Three Approaches to "Friendliness"

Wei Dai

I put "Friendliness" in quotes in the title, because I think what we really want, and what MIRI seems to be working towards, is closer to "optimality": create an AI that minimizes the expected amount of astronomical waste. In what follows I will continue to use "Friendly AI" to denote such an AI since that's the established convention.

I've often stated my objections MIRI's plan to build an FAI directly (instead of after human intelligence has been substantially enhanced). But it's not because, as some have suggested while criticizing MIRI's FAI work, that we can't foresee what problems need to be solved. I think it's because we can largely foresee what kinds of problems need to be solved to build an FAI, but they all look superhumanly difficult, either due to their inherent difficulty, or the lack of opportunity for "trial and error", or both.

When people say they don't know what problems need to be solved, they may be mostly talking about "AI safety" rather than "Friendly AI". If you think in terms of "AI safety" (i.e., making sure some particular AI doesn't cause a disaster) then that does looks like a problem that depends on what kind of AI people will build. "Friendly AI" on the other hand is really a very different problem, where we're trying to figure out what kind of AI to build in order to minimize astronomical waste. I suspect this may explain the apparent disagreement, but I'm not sure. I'm hoping that explaining my own position more clearly will help figure out whether there is a real disagreement, and what's causing it.

The basic issue I see is that there is a large number of serious philosophical problems facing an AI that is meant to take over the universe in order to minimize astronomical waste. The AI needs a full solution to moral philosophy to know which configurations of particles/fields (or perhaps which dynamical processes) are most valuable and which are not. Moral philosophy in turn seems to have dependencies on the philosophy of mind, consciousness, metaphysics, aesthetics, and other areas. The FAI also needs solutions to many problems in decision theory, epistemology, and the philosophy of mathematics, in order to not be stuck with making wrong or suboptimal decisions for eternity. These essentially cover all the major areas of philosophy.

For an FAI builder, there are three ways to deal with the presence of these open philosophical problems, as far as I can see. (There may be other ways for the future to turns out well without the AI builders making any special effort, for example if being philosophical is just a natural attractor for any superintelligence, but I don't see any way to be confident of this ahead of time.) I'll name them for convenient reference, but keep in mind that an actual design may use a mixture of approaches.

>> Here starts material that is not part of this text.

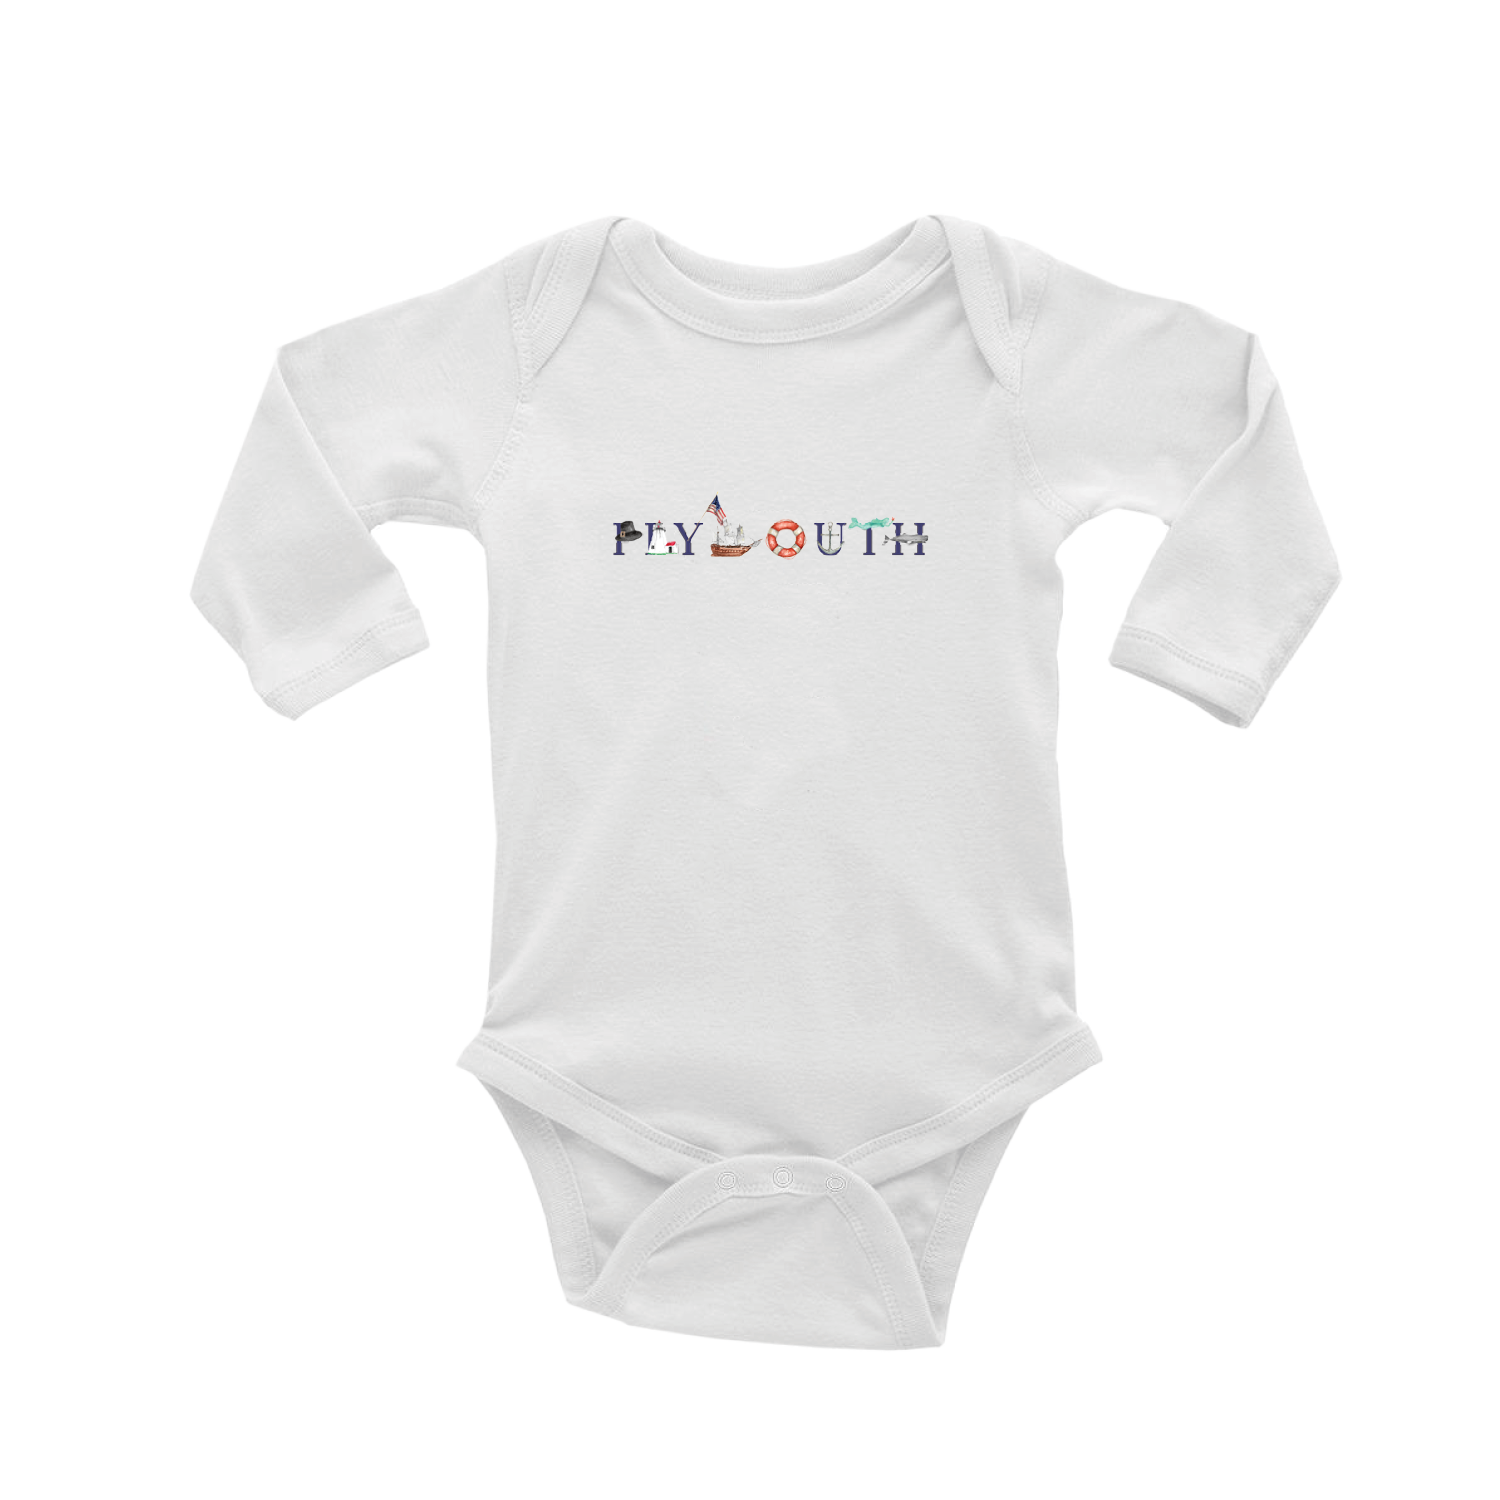 Plymouth baby snap up long sleeve

Normative AI - Solve all of the philosophical problems ahead of time, and code the solutions into the AI.
Black-Box Metaphilosophical AI - Program the AI to use the minds of one or more human philosophers as a black box to help it solve philosophical problems, without the AI builders understanding what "doing philosophy" actually is.
White-Box Metaphilosophical AI - Understand the nature of philosophy well enough to specify "doing philosophy" as an algorithm and code it into the AI.

The problem with Normative AI, besides the obvious inherent difficulty (as evidenced by the slow progress of human philosophers after decades, sometimes centuries of work), is that it requires us to anticipate all of the philosophical problems the AI might encounter in the future, from now until the end of the universe. We can certainly foresee some of these, like the problems associated with agents being copyable, or the AI radically changing its ontology of the world, but what might we be missing?

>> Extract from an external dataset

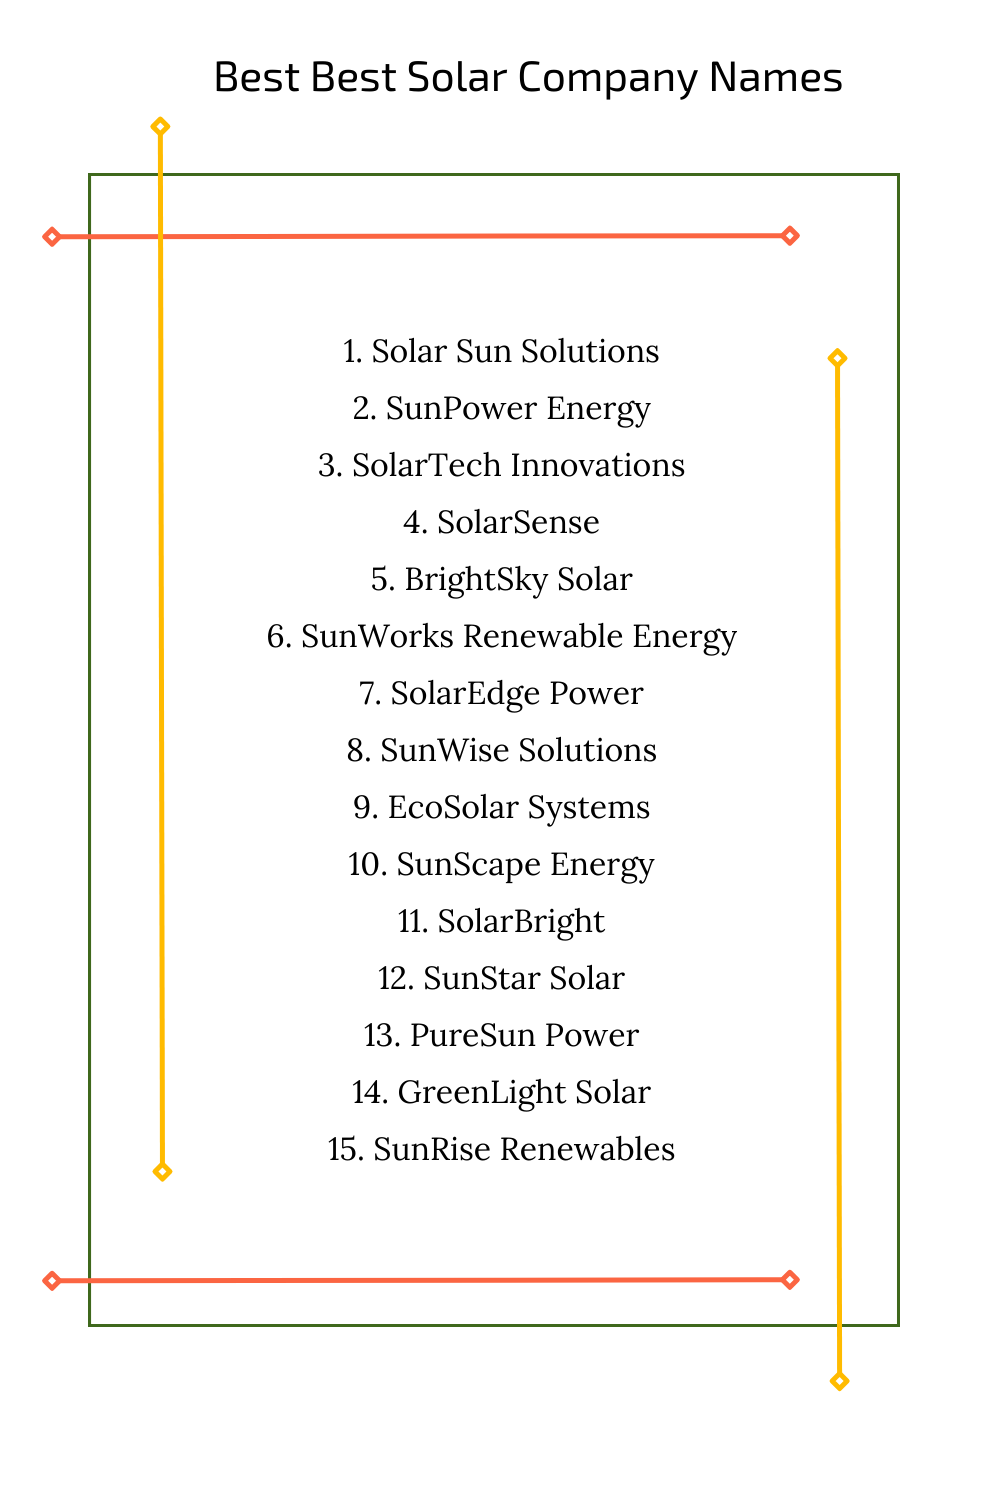 Best Best Solar Company Names

Black-Box Metaphilosophical AI is also risky, because it's hard to test/debug something that you don't understand. Besides that general concern, designs in this category (such as Paul Christiano's take on indirect normativity) seem to require that the AI achieve superhuman levels of optimizing power before being able to solve its philosophical problems, which seems to mean that a) there's no way to test them in a safe manner, and b) it's unclear why such an AI won't cause disaster in the time period before it achieves philosophical competence.

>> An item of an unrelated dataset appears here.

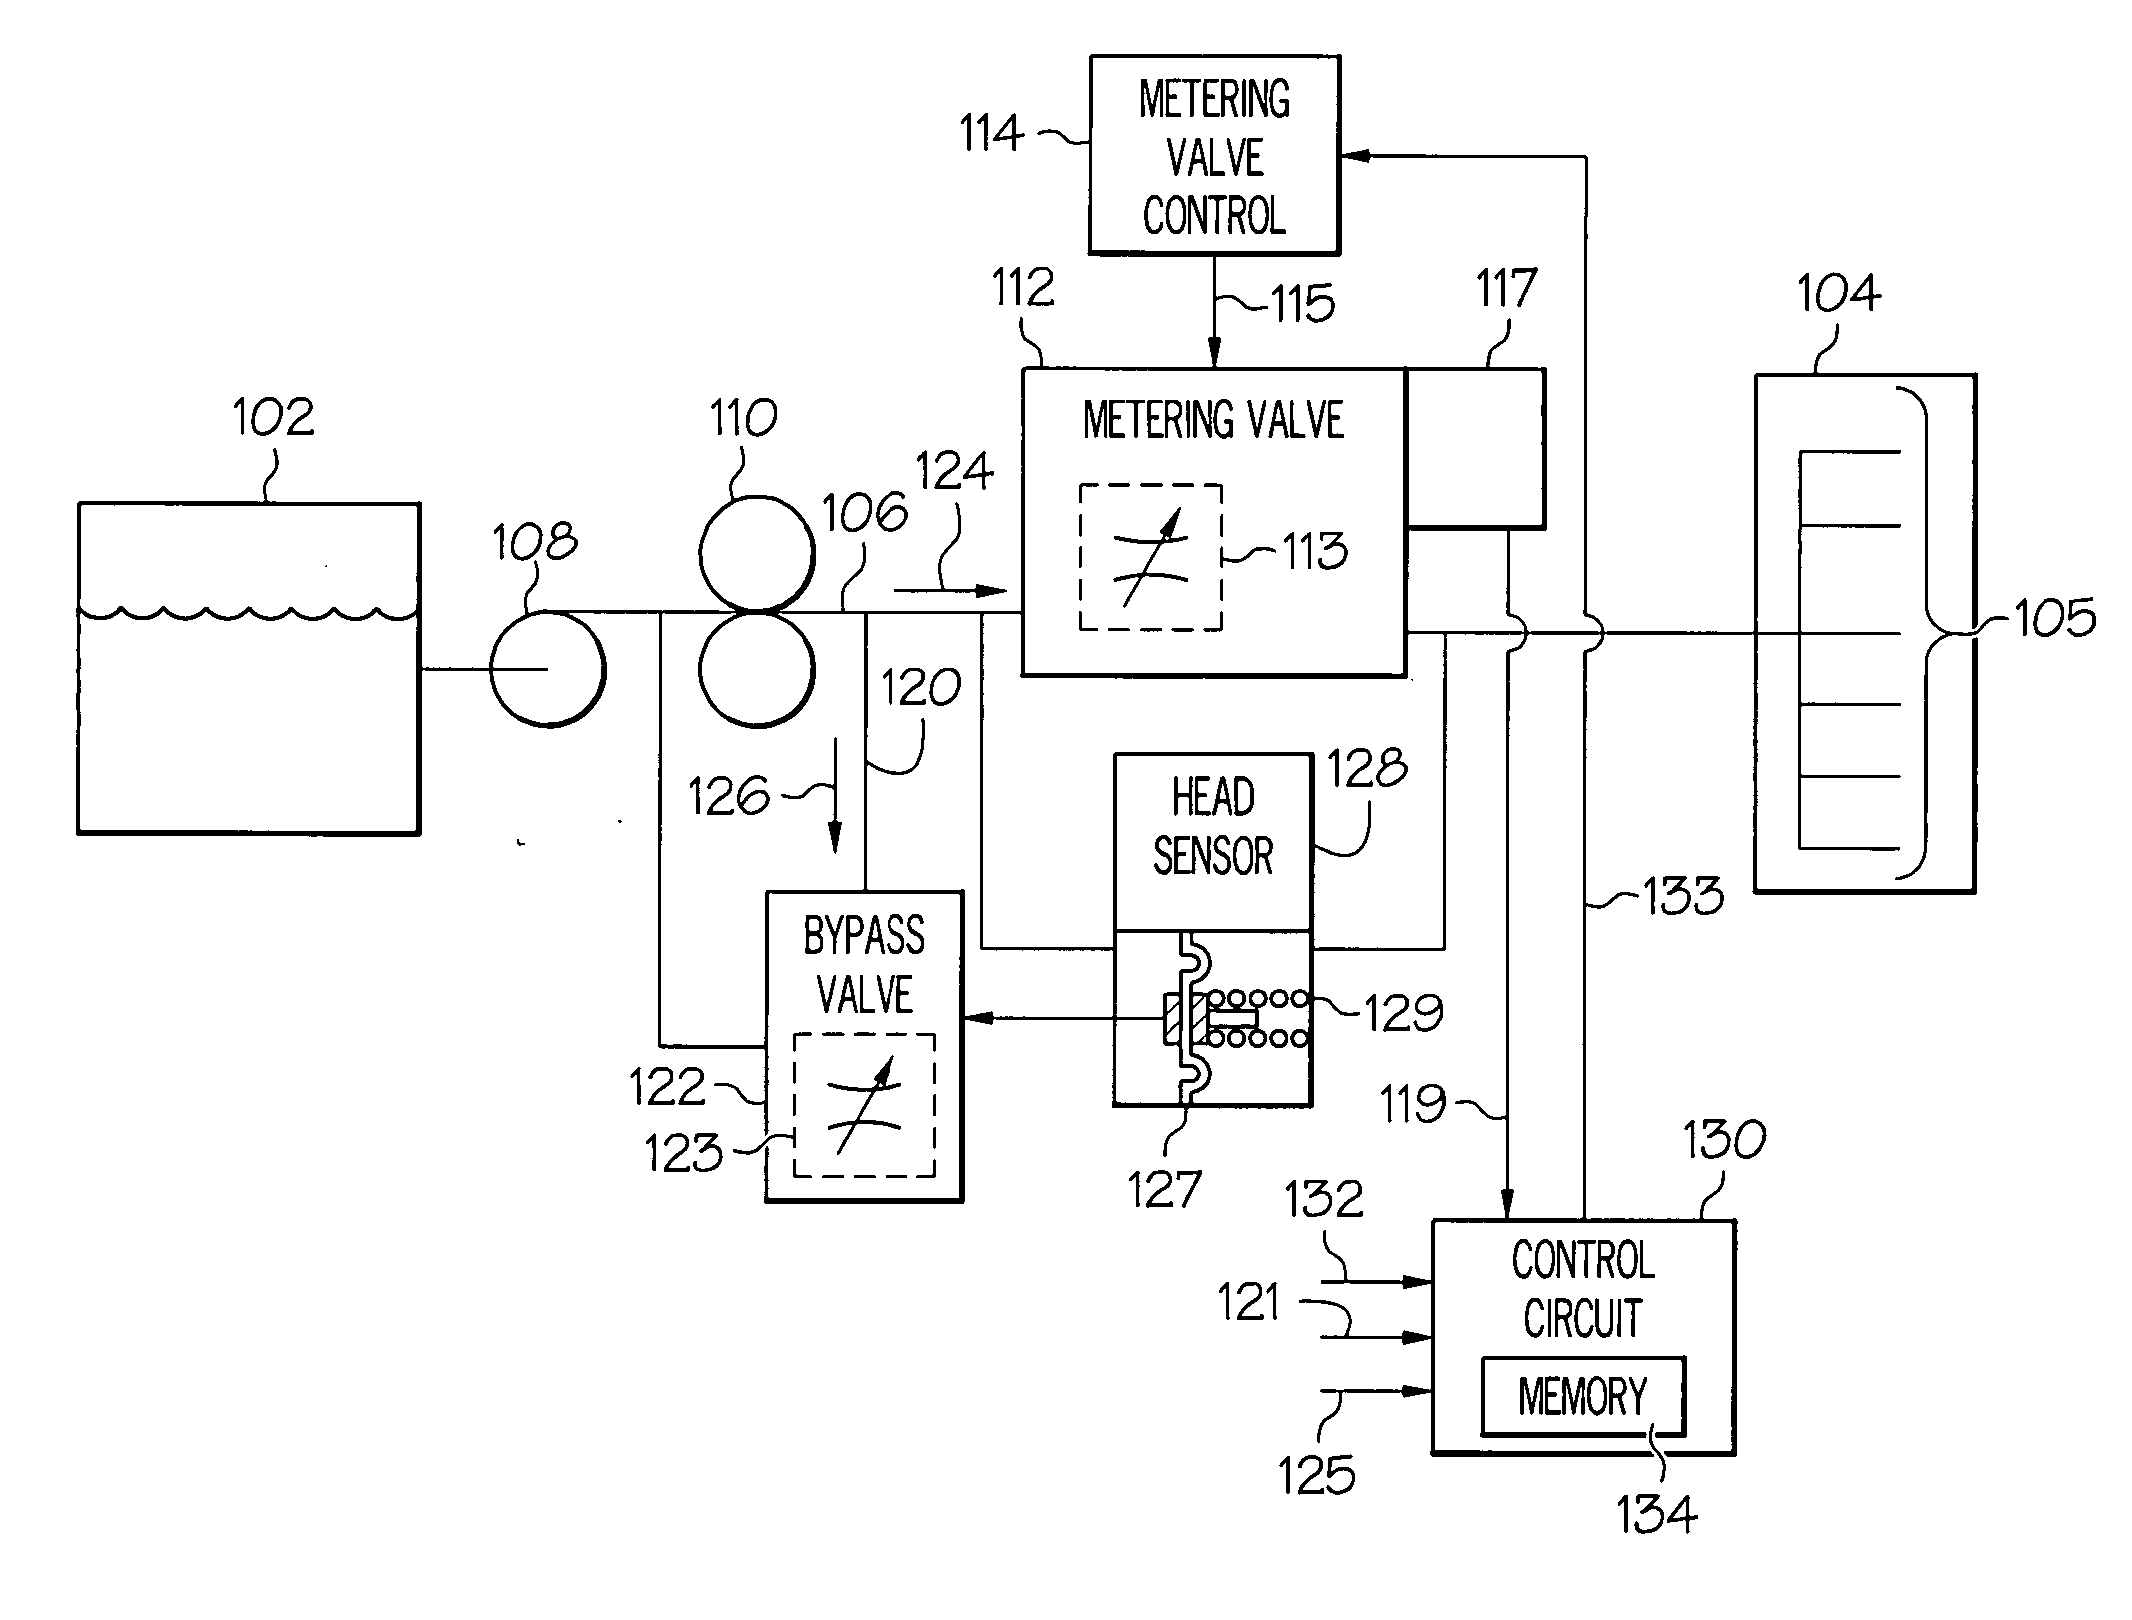 Fuel metering system proportional bypass valve error compensation system and method

White-Box Metaphilosophical AI may be the most promising approach. There is no strong empirical evidence that solving metaphilosophy is superhumanly difficult, simply because not many people have attempted to solve it. But I don't think that a reasonable prior combined with what evidence we do have (i.e., absence of visible progress or clear hints as to how to proceed) gives much hope for optimism either.

To recap, I think we can largely already see what kinds of problems must be solved in order to build a superintelligent AI that will minimize astronomical waste while colonizing the universe, and it looks like they probably can't be solved correctly with high confidence until humans become significantly smarter than we are now. I think I understand why some people disagree with me (e.g., Eliezer thinks these problems just aren't that hard, relative to his abilities), but I'm not sure why some others say that we don't yet know what the problems will be.

Normative AI - Solve all of the philosophical problems ahead of time, and code the solutions into the AI.
Black-Box Metaphilosophical AI - Program the AI to use the minds of one or more human philosophers as a black box to help it solve philosophical problems, without the AI builders understanding what "doing philosophy" actually is.
White-Box Metaphilosophical AI - Understand the nature of philosophy well enough to specify "doing philosophy" as an algorithm and code it into the AI.

When you say "fast takeoff" do you mean the speed of the takeoff (how long it takes from start to superintelligence) or the timing of it (how far away it is from now)?

I mean speed. It seems like you are relying on an assumption of a rapid transition from a world like ours to a world dominated by superhuman AI, whereas typically I imagine a transition that lasts at least years (which is still very fast!) during which we can experiment with things, develop new approaches, etc. In this regime many more approaches are on the table.

Superintelligent AIs controlled by human owners, even if it's possible, seem like a terrible idea, because humans aren't smart or wise enough to handle such power without hurting themselves. I wouldn't even trust myself to control such an AI, much less a more typical, less reflective human. It seems like you are packing a wide variety of assumptions in here, particularly about the nature of control and about the nature of the human owners.

or by quickly bootstrapping to a better prepared society Not sure what you mean by this. Can you expand?

Even given shaky solutions to the control problem, it's not obvious that you can't move quickly to a much better prepared society, via better solutions to the control problem, further AI work, brian emulations, significantly better coordination or human enhancement, etc.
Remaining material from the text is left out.